Collected data:

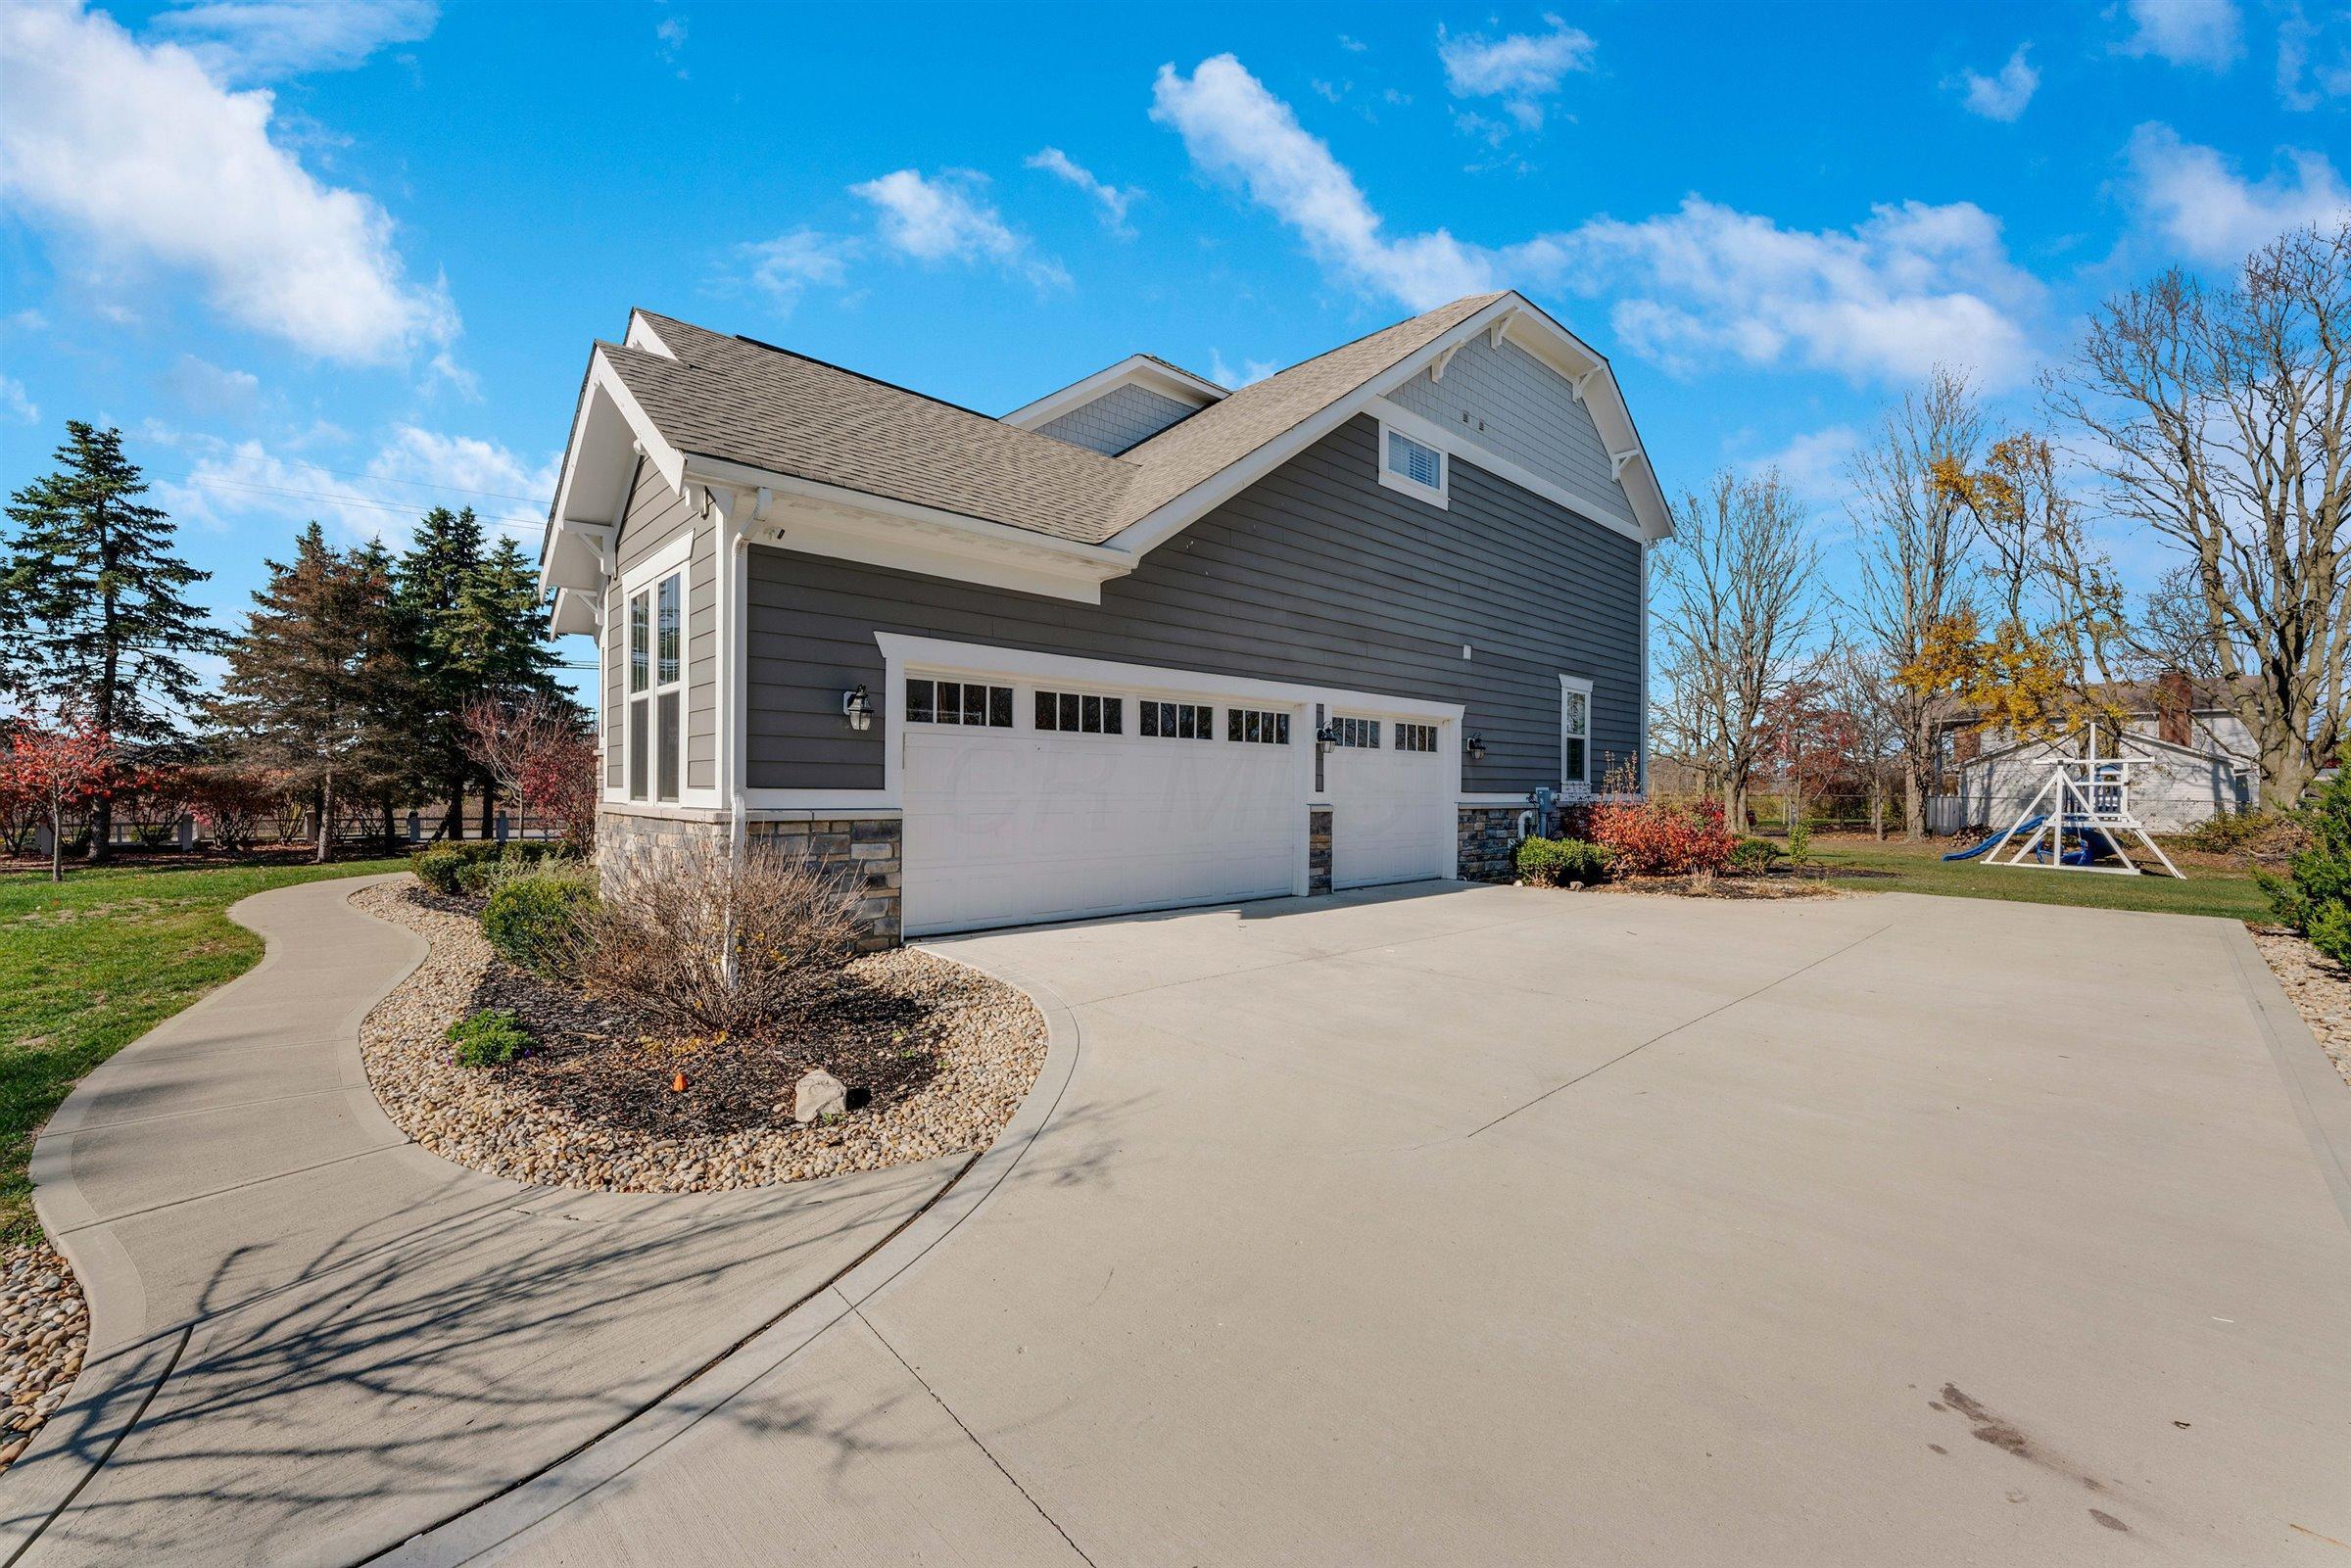 6332 Heritage Lakes Drive, Hilliard, Ohio 43026, 4 Bedrooms Bedrooms, ,4 BathroomsBathrooms,Residential,For Sale,Heritage Lakes,220040262
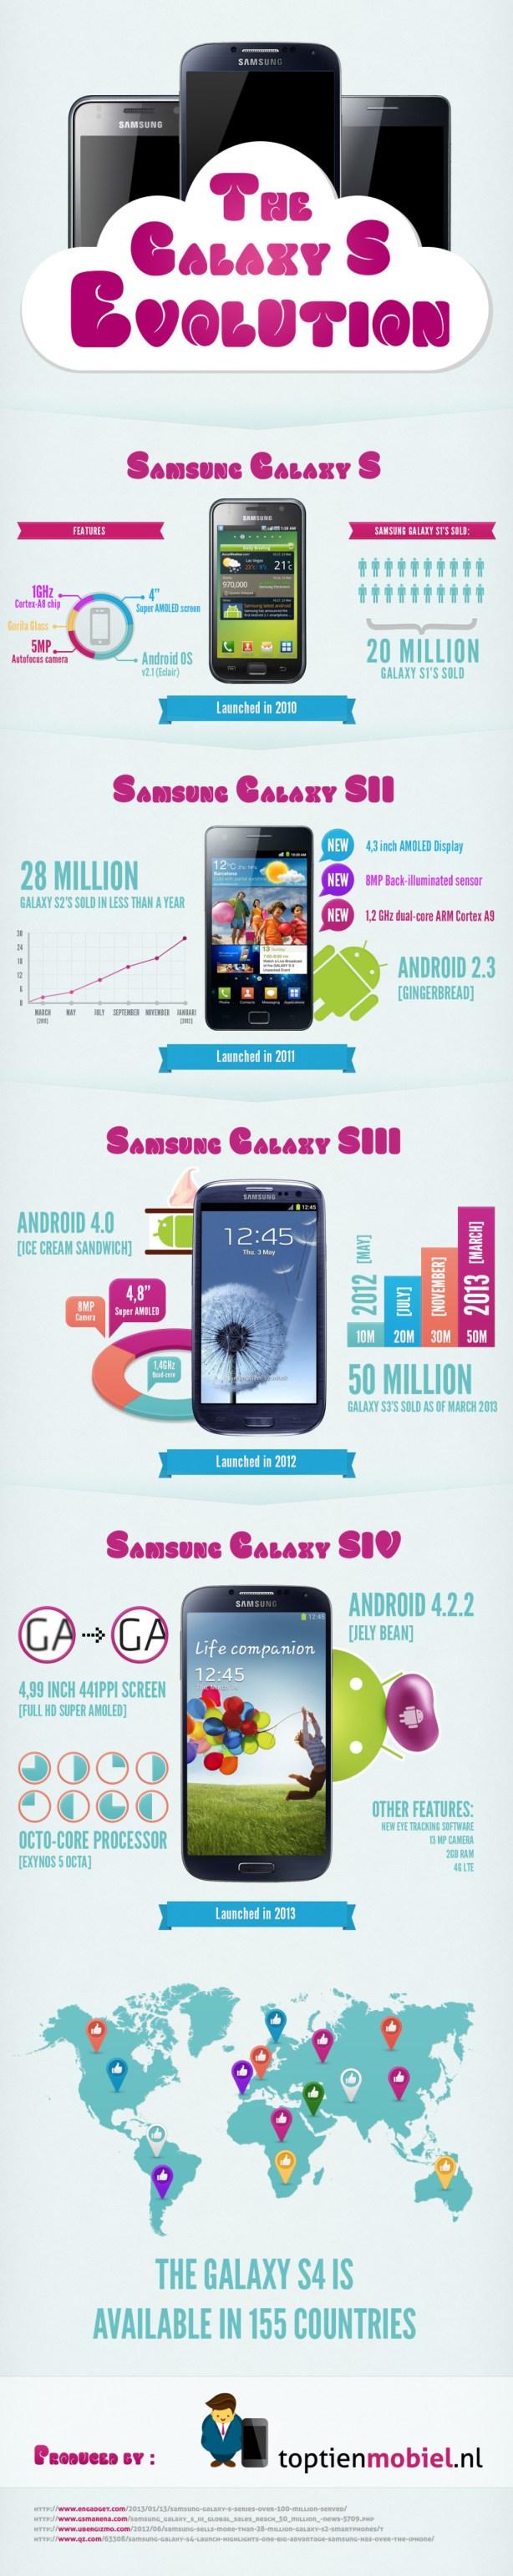 samsung-galaxy-s-evolution-infographic
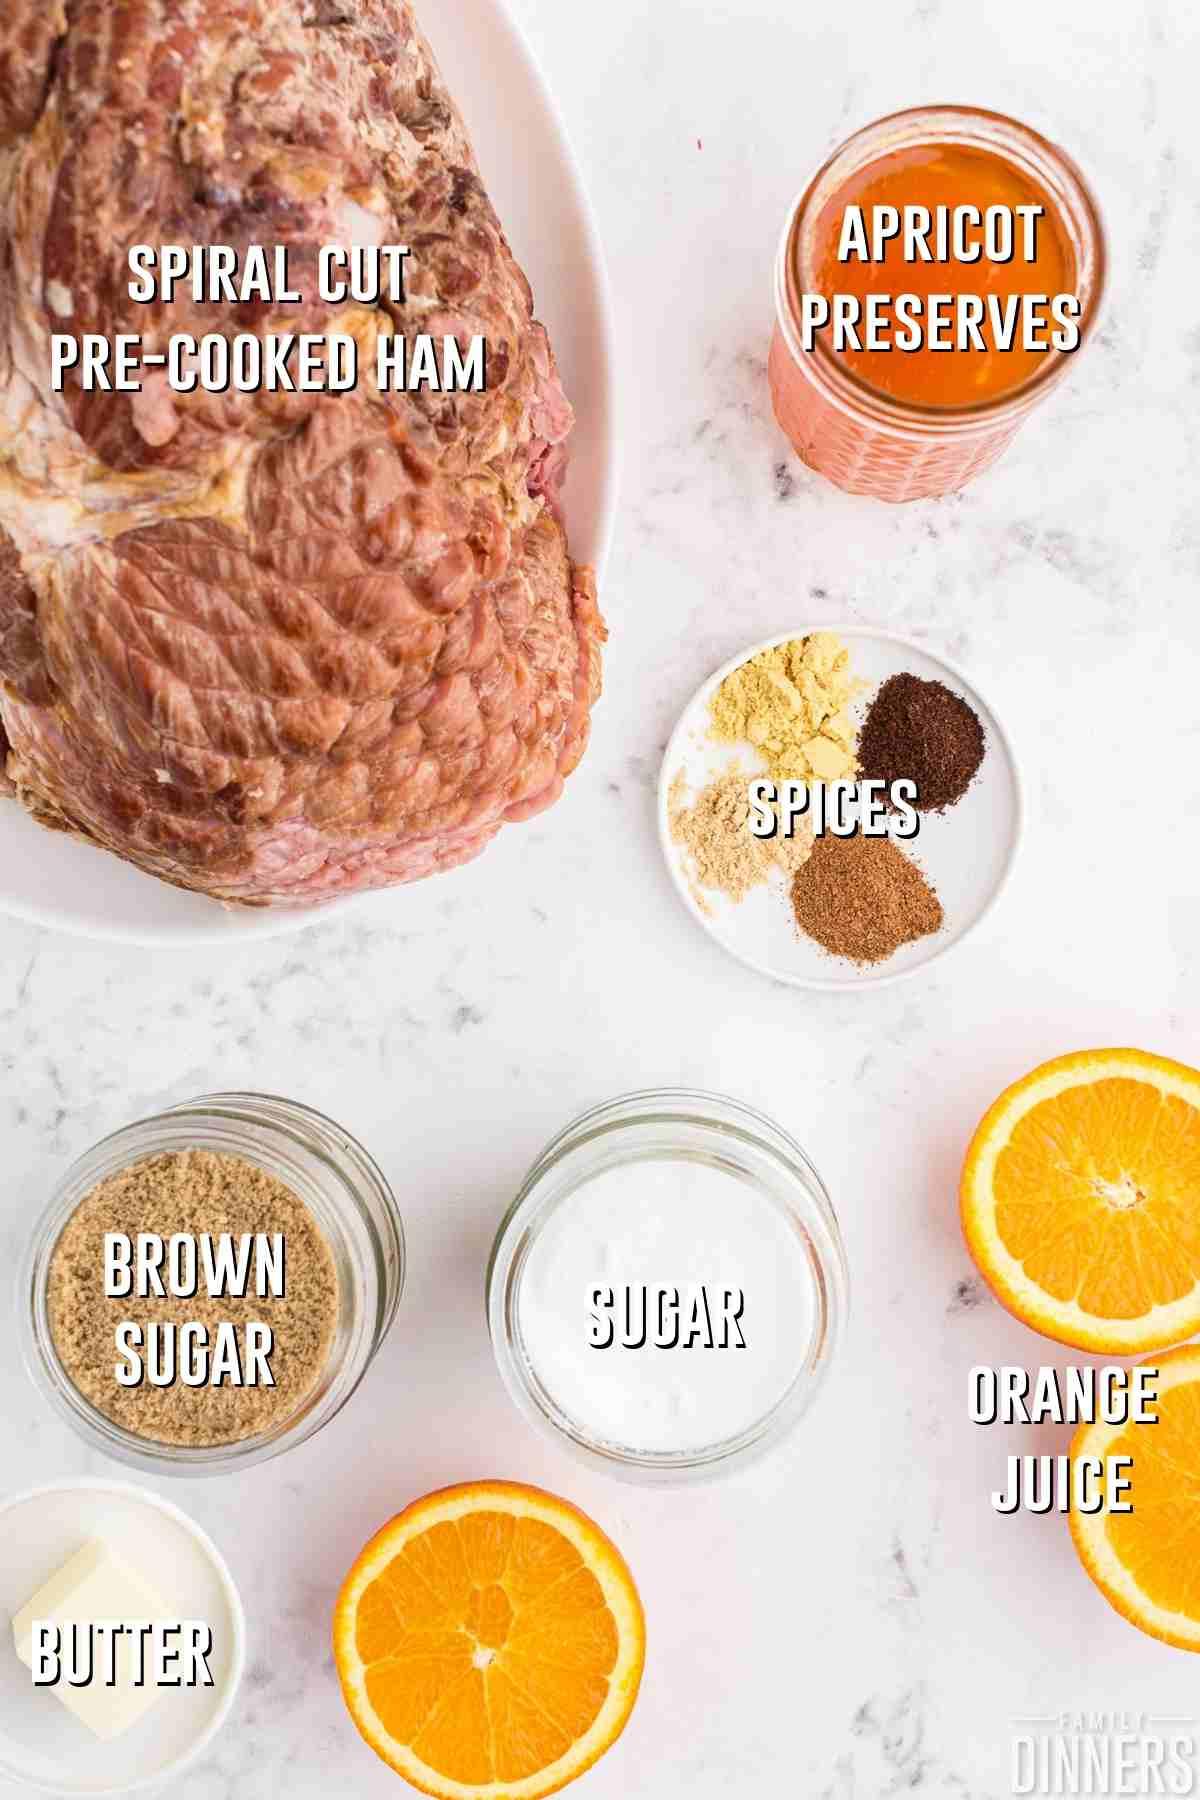 Spiral cut brown sugar glazed ham ingredients for sauce to baste ham and caramelize ham.

What you are asked to do: Write out, exactly and only, the lines from the one containing "samsung-galaxy-s-evolution-infographic" through the last line of the material above. Pictures do not go in the copy.

Written solution:
 samsung-galaxy-s-evolution-infographic
 Spiral cut brown sugar glazed ham ingredients for sauce to baste ham and caramelize ham.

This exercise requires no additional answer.